Because the young people do not belong to a party and are not raising any doctrinal slogan — because they know nothing of the political conflicts that plagued Iraq before they were even born and because they have not been contaminated by the disease of conspiracy — it was easy for them to discover that this endless dark maze they are lost in cannot be a homeland, for no decent homeland can be infected with so many epidemics whose rot is filling their lives.

Iraq has become the scene of deception, lying, fraud, betrayal, vulgarity, banditry, moral collapse, forgery, misinformation, obfuscation of the truth and buying people’s moral consciousness, as well as assassinations under the banner of sectarianism.

Iraq has become a boat seized by ruthless pirates. They have imprisoned its owners in the bottom of its hull and enslaved them. The poor souls are no longer able to differentiate between the sunshine of March when Damask roses bloom and the tenth of Muharram when Iraqis mourn the anniversary of Imam Hussein’s assassination in their very own country.

The whole of Iraq was turned into a Karbala, as if there was a hidden power that wants to inflict eternal harm on Iraq and its people. The country’s imagination was wrapped in a black shroud and laments replaced its national anthem, while its people were smitten with poverty, ignorance, disease and eternal perdition as punishment.

No one has ever dared say “This is not a homeland.” The biggest lie in that swamp called Iraq was the word “patriotism.” Everybody used it and abused it without pondering the multiple distortions of its meaning.

There were times that cast heavy doubt on the patriotism of Iraqis.
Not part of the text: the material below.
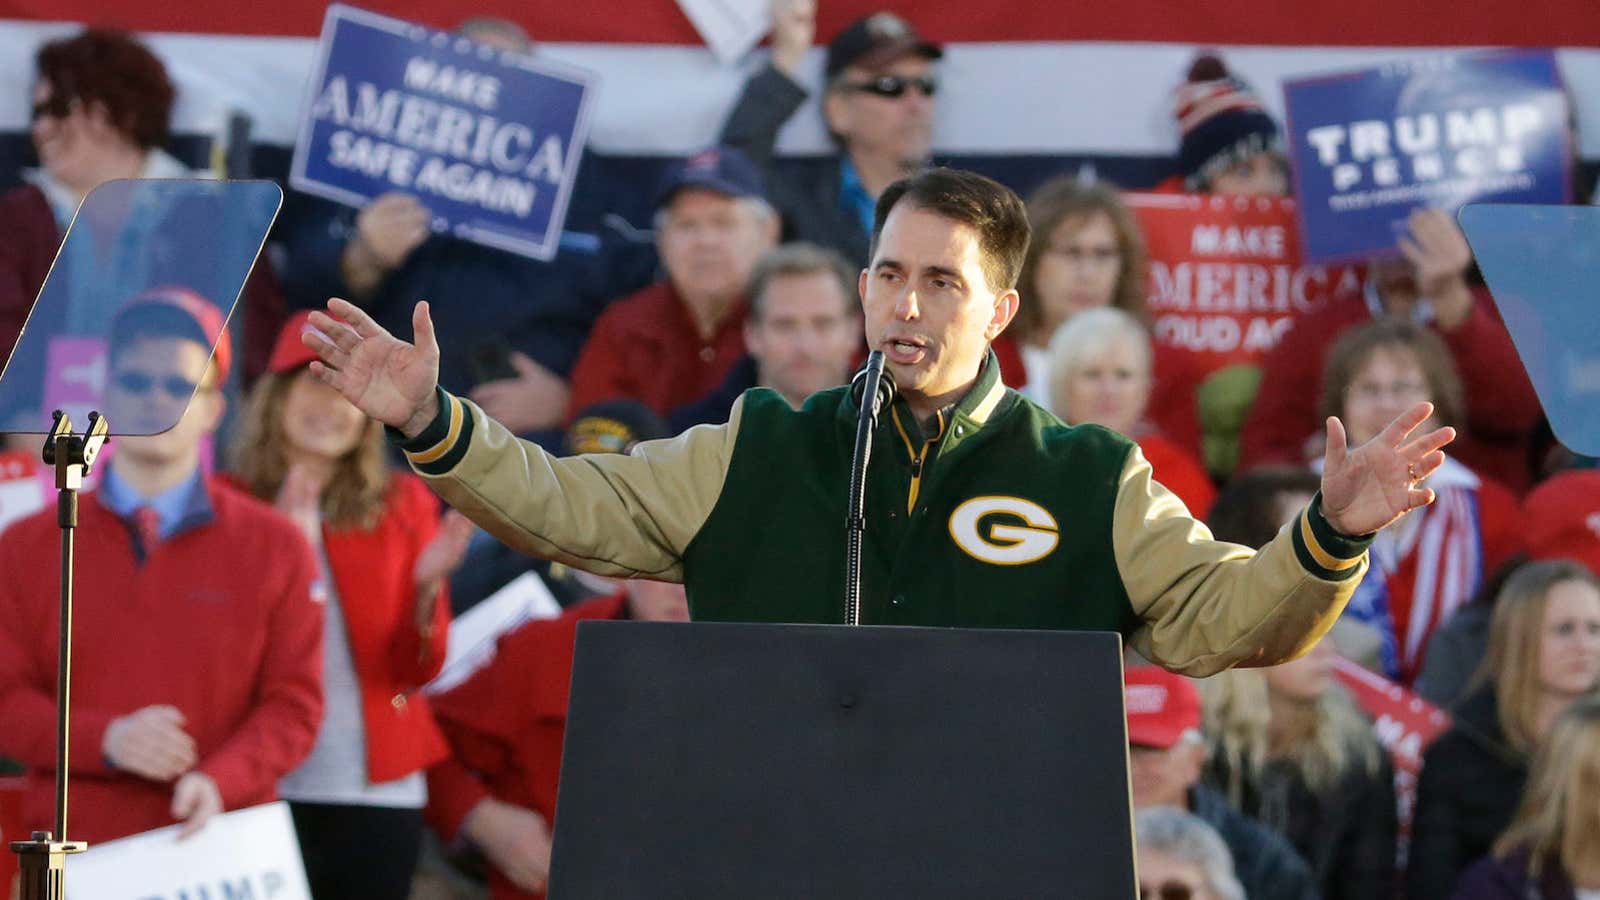 Walker claimed to be “the pro-education governor.”

There was a deepening disappointment in the hearts of all those who loved Iraq. “That’s Iraq’s grave,” a friend told me as he wept. Is Iraq’s fate to be a huge grave?
“Can we really live in a grave called homeland?”

That is the question the young people of Iraq have answered today. The youth are confronting the previous generations with the truth. “We want a homeland” has become their demand, knowing that no one but themselves can achieve that goal; not the government, not the political class, not the United Nations and not the international community.

That is their story whose secrets no one will understand.

Iraq was lost because its people did not protect it. That’s all that can be said about it. This is certainly true of the reality of Iraq but it does hide a few important details. Iraq has been betrayed and continues to be betrayed and that’s what the young protesters are trying to counter with unexpected courage.

Iraq’s betrayal was arranged in deep darkness and was made to look like a natural event.

Since 2003, Iraq has been a hotbed of traitors who believe that their hostility to the former regime is enough to be a cover for their betrayal of Iraq but reality has exposed their betrayal because their betrayal and greed have left Iraq naked. The political class that seized power created an Iraq that people under the age of 20 did not recognise as their homeland.

Iraq’s youth felt like strangers in that horrible Iraq, so they came up with the slogan “We want a homeland.”

Their right to a homeland is not a service demand. This is because they see their destiny and they know that it can’t be filled with high hopes without a homeland.

There is a homeland called Iraq and that’s what needs to be restored.